In order to determine whether the farm activities are carried out in a commercial or business-like manner, we would look at all of the facts including the following:

  • Amount of capital invested in the farming infrastructure and machinery;
  • Taxpayers background and experience in farming;
  • Time spent on farming;
  • Capability of the operation to show a profit;
  • The taxpayers operational plan or intended course of action with respect to the farm;
  • The gross revenue and income or losses generated by the farm in the past;
  • The scale and manner in which the farm is operated as compared to other commercial farming operations in the area.

Question 4

If the farming operation is carried on in pursuit of profit, how will the CCRA determine if the losses would be restricted by section 31 of the Act?

Response 4

In order to establish whether farming constitutes a taxpayer’s chief source of income, we would compare the farming operation to the taxpayer’s other income sources in terms of time spent on farming, capital committed to the farm operation, and the actual or potential profitability of the farm. All three factors must be weighed, with no one factor alone being decisive.

However, in determining the weight to be given to each factor, we would look at the taxpayer’s normal lifestyle. If the taxpayer has a farming background and his or her lifestyle revolves around the farm, then time spent on, and capital committed to, farming have greater significance. For example, this would be the case where a second-generation farmer takes a job to supplement his or her farming income.

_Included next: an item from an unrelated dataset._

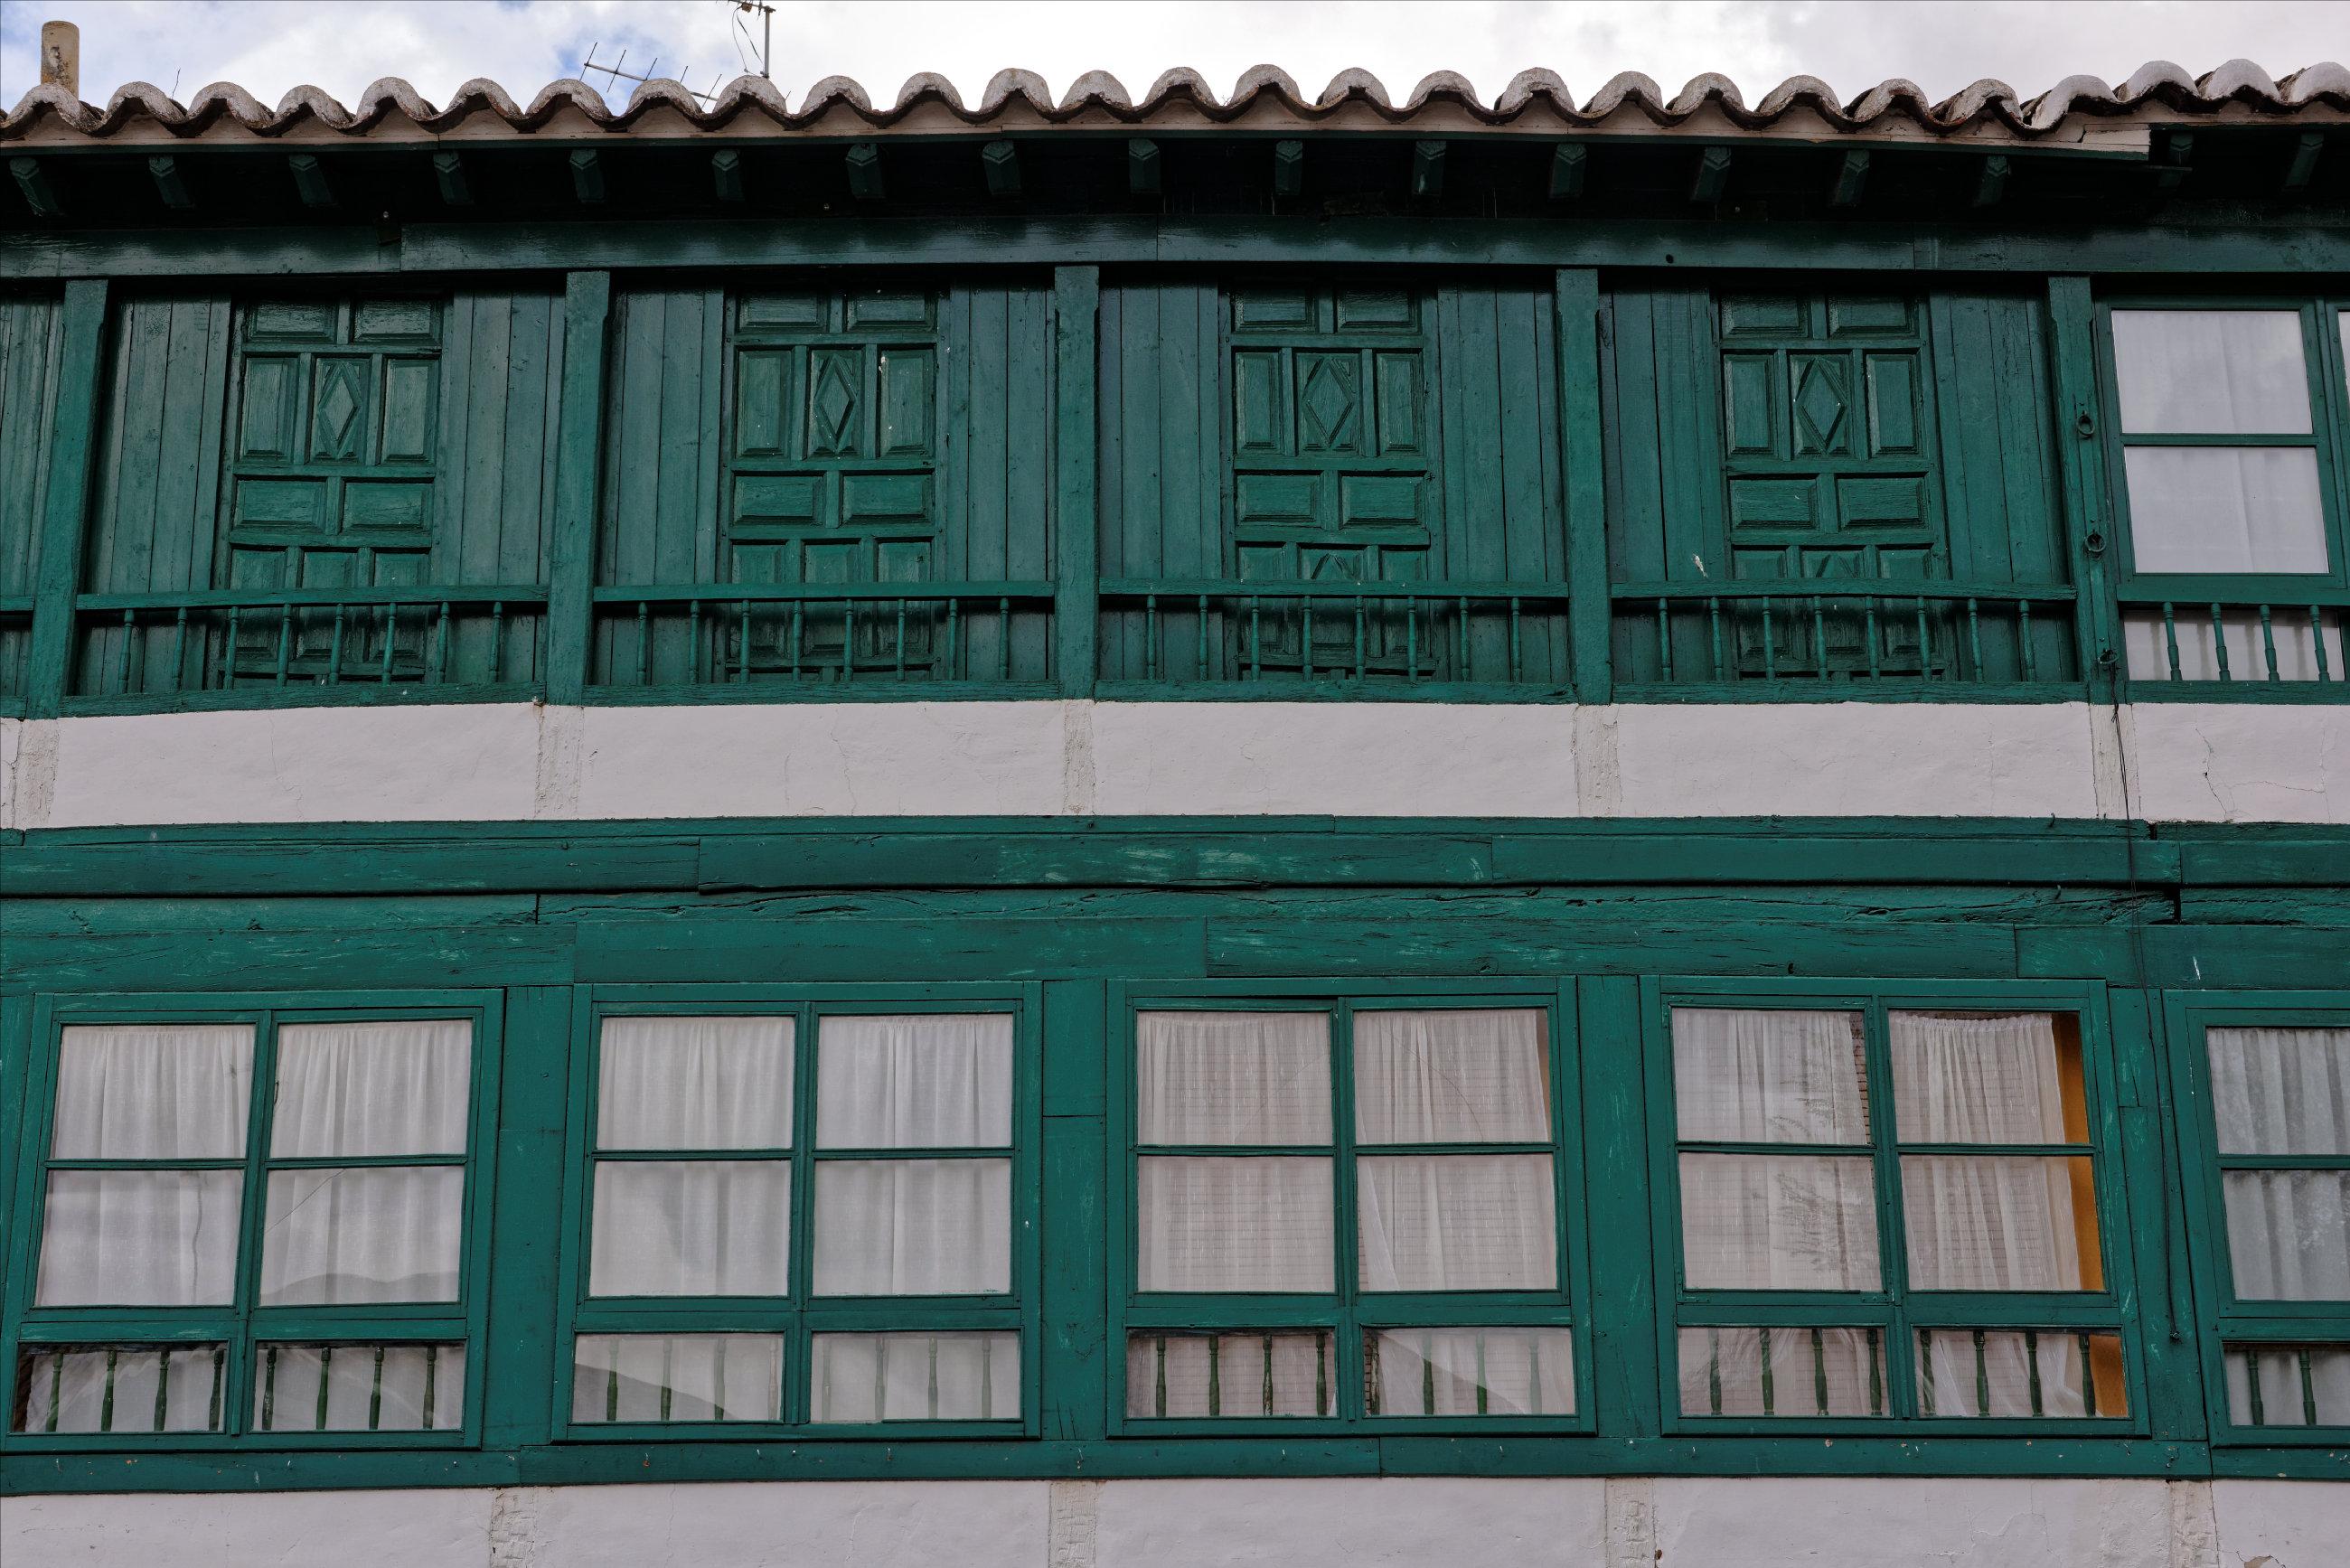 151102-Almagro (20)

On the other hand, where the taxpayer’s normal lifestyle is not farming, then profitability assumes more importance. This would be the case where a taxpayer, who has ongoing income from employment, a profession, or a pension, has decided to start farming after establishing a non-farming career or retiring. In this situation, the most important consideration is whether the farm has generated, or can be expected to generate enough income to support the taxpayer’s lifestyle.

Question 5

In Donnelly v. The Queen 21 , the Federal Court of Appeal found that there must be a “reasonable expectation of substantial profit” in order for farming to be considered the taxpayer’s chief source of income. In the Kroeker decision, the Court appears to distinguish Donnelly as applying only to cases where horses are raised for racing. In this context, would the CCRA comment on what approach would be taken in situations involving full-time employees, or professionals, who incur losses from the raising of racehorses?

Response 5

We would use the two-step approach outlined above to evaluate the deductibility of losses from a horse racing operation.

In our view, when a full-time employee, or professional, starts raising horses for racing, there is likely a strong personal or “hobby” element to such activities. Therefore, in determining whether the horse racing operation is carried out in pursuit of profit, we would look at all of the facts, including those listed in Question 3 above, to establish if the activity is carried out in a sufficiently commercial manner.

Secondly, in determining whether the activity constitutes the taxpayer’s chief source of income, we would consider the time spent on the activity, the capital committed to the operation, and the actual and potential profitability of the operation. Since the taxpayer’s normal mode of lifestyle is not focussed on farming in the situation presented, the most important factor would be the actual and potential profitability of the operation. In this context, the comments in Donnelly are relevant, and we would consider whether the horse racing operation could be expected to generate substantial profits in relation to the taxpayer’s other income sources.